119. Magic Pairs
time limit per test: 0.5 sec.
memory limit per test: 4096 KB
“Prove that for any integer X and Y if 5X+4Y is divided by 23 than 3X+7Y is divided by 23 too.” The task is from city Olympiad in mathematics in Saratov, Russia for schoolchildren of 8-th form. 2001-2002 year.
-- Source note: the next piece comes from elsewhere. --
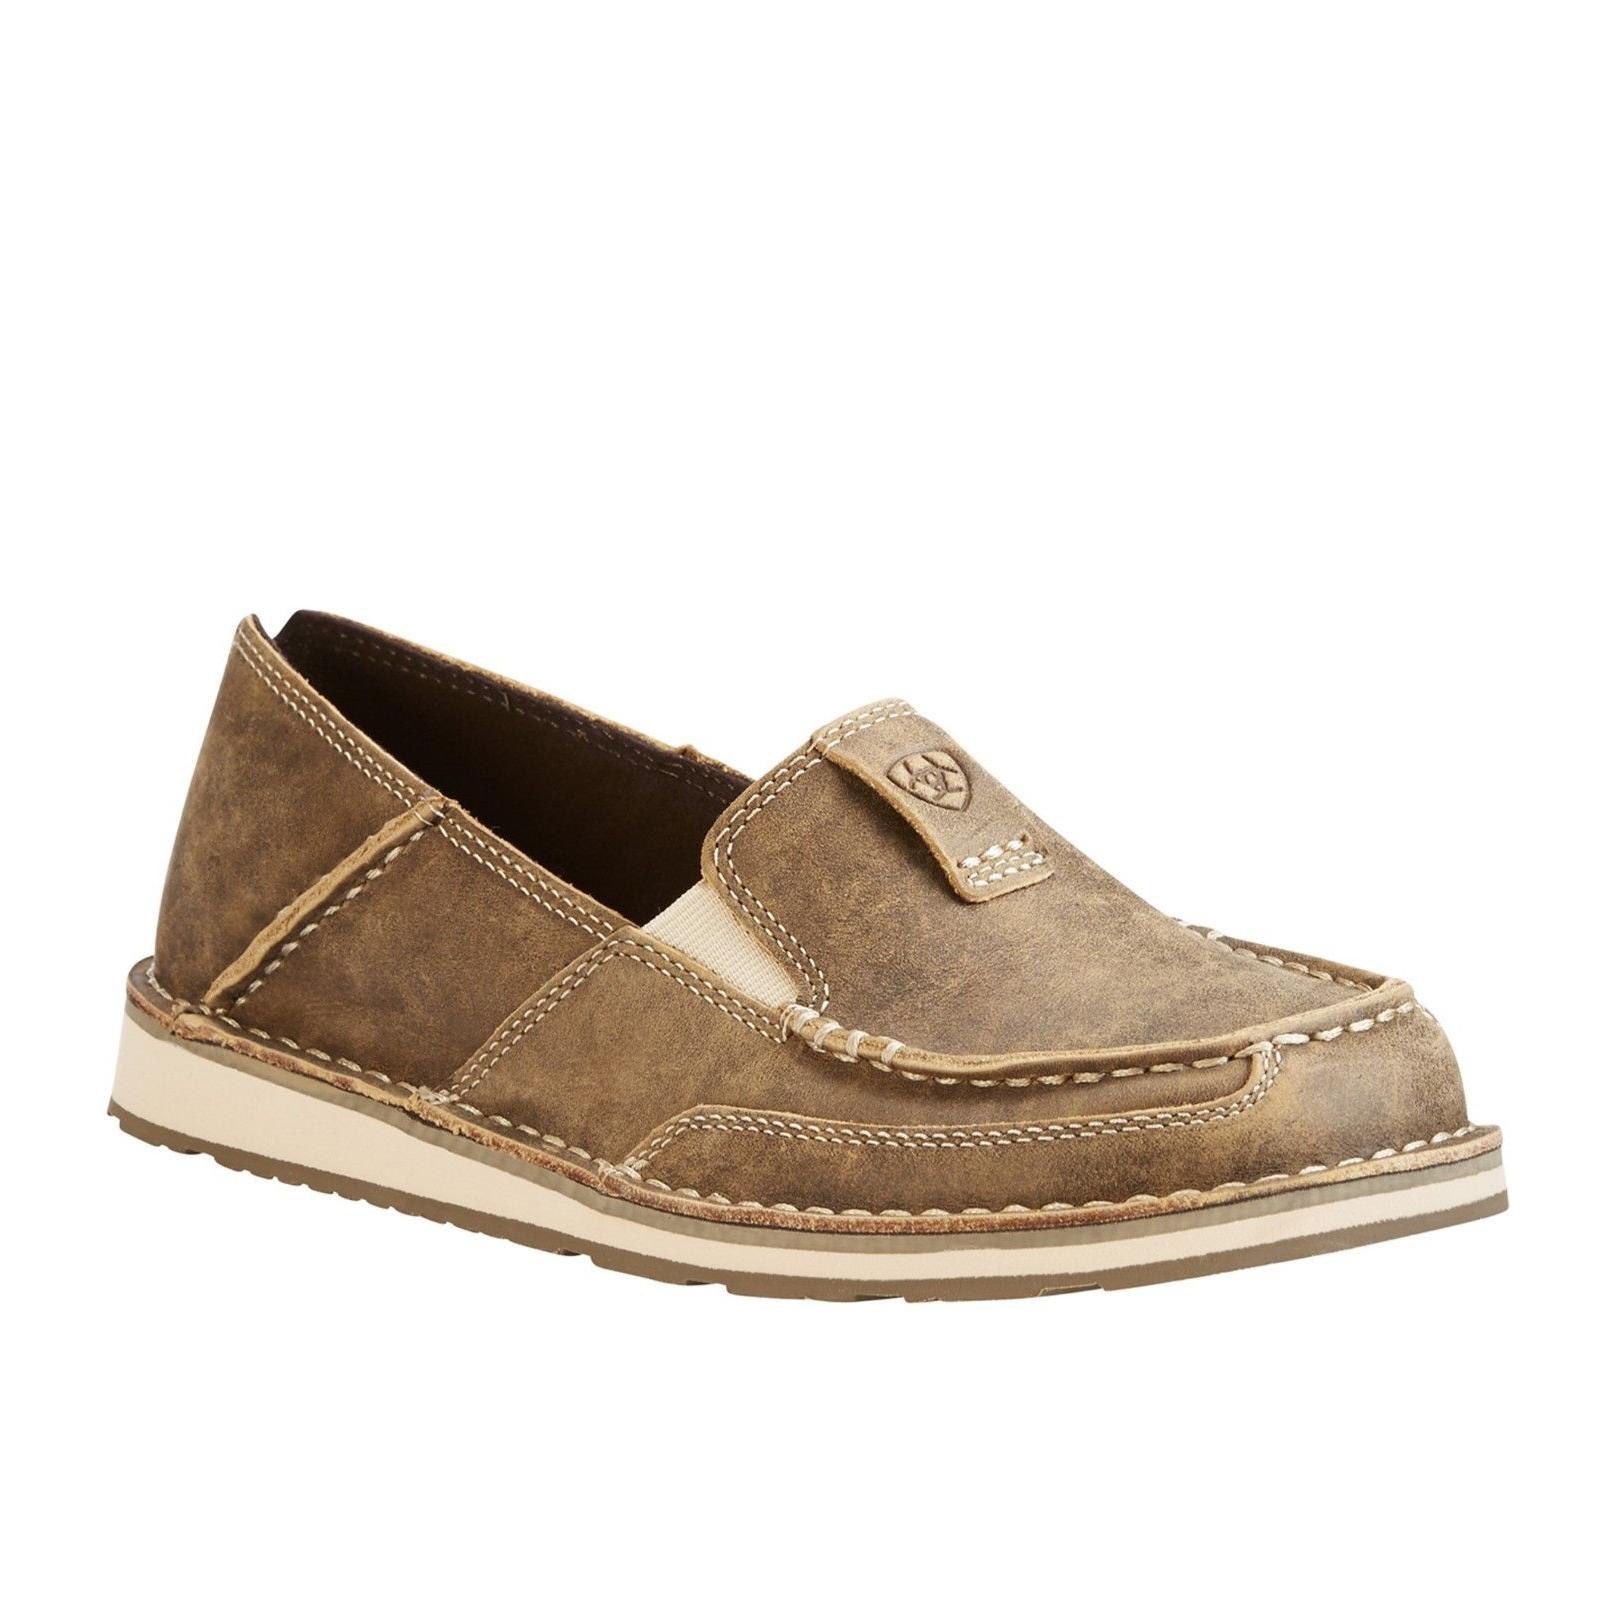 Ariat® Ladies Cruiser Bomber Brown shoes 10023008

For given N and pair (A0, B0) find all pairs (A, B) such that for any integer X and Y if A0X+B0Y is divided by N then AX+BY is divided by N too (0<=A,B<N).
Input
Each input consists of positive integer numbers N, A0 and B0 (N,A0,B0£ 10000) separated by whitespaces.
Output
Write number of pairs (A, B) to the first line of output. Write each pair on a single line in order of non-descreasing A (and B in case of equal A). Separate numbers by single space.
Sample Input
3 1 2
Sample Output
3 0 0 1 2 2 1
//started 22:24
//read error 1 23:15
//read answer 0:41 晕,既然a0x+b0y|n,ax+by|k*n,直接乘上k再modn即可....
#include <cstdio>
#include <cstring>
#include <algorithm>
using namespace std;
int extgcd(int a,int b,int &x,int &y){
int d=a;
if(b!=0){
d=extgcd(b,a%b,y,x);
y-=(a/b)*x;
}
else {
x=1;y=0;
}
return d;
}
typedef pair<int ,int> P;
P heap[10001];
int cnt;
int main(){
int n,a0,b0;
scanf("%d%d%d",&n,&a0,&b0);
int ty,tx,tmp1,tmp2;
int abgcd=extgcd(a0,b0,tx,ty);
int nabgcd=extgcd(abgcd,n,tmp1,tmp2);
n=n/nabgcd;
a0=a0/nabgcd;
b0=b0/nabgcd;
for(int i=0;i<n;i++){
int a=a0*i%n;
int b=b0*i%n;
heap[i]=P(a,b);
}
sort(heap,heap+n);
printf("%d\n",n);//必然有n个解
for(int i=0;i<n;i++){
printf("%d %d\n",heap[i].first*nabgcd,heap[i].second*nabgcd);
}
return 0;
}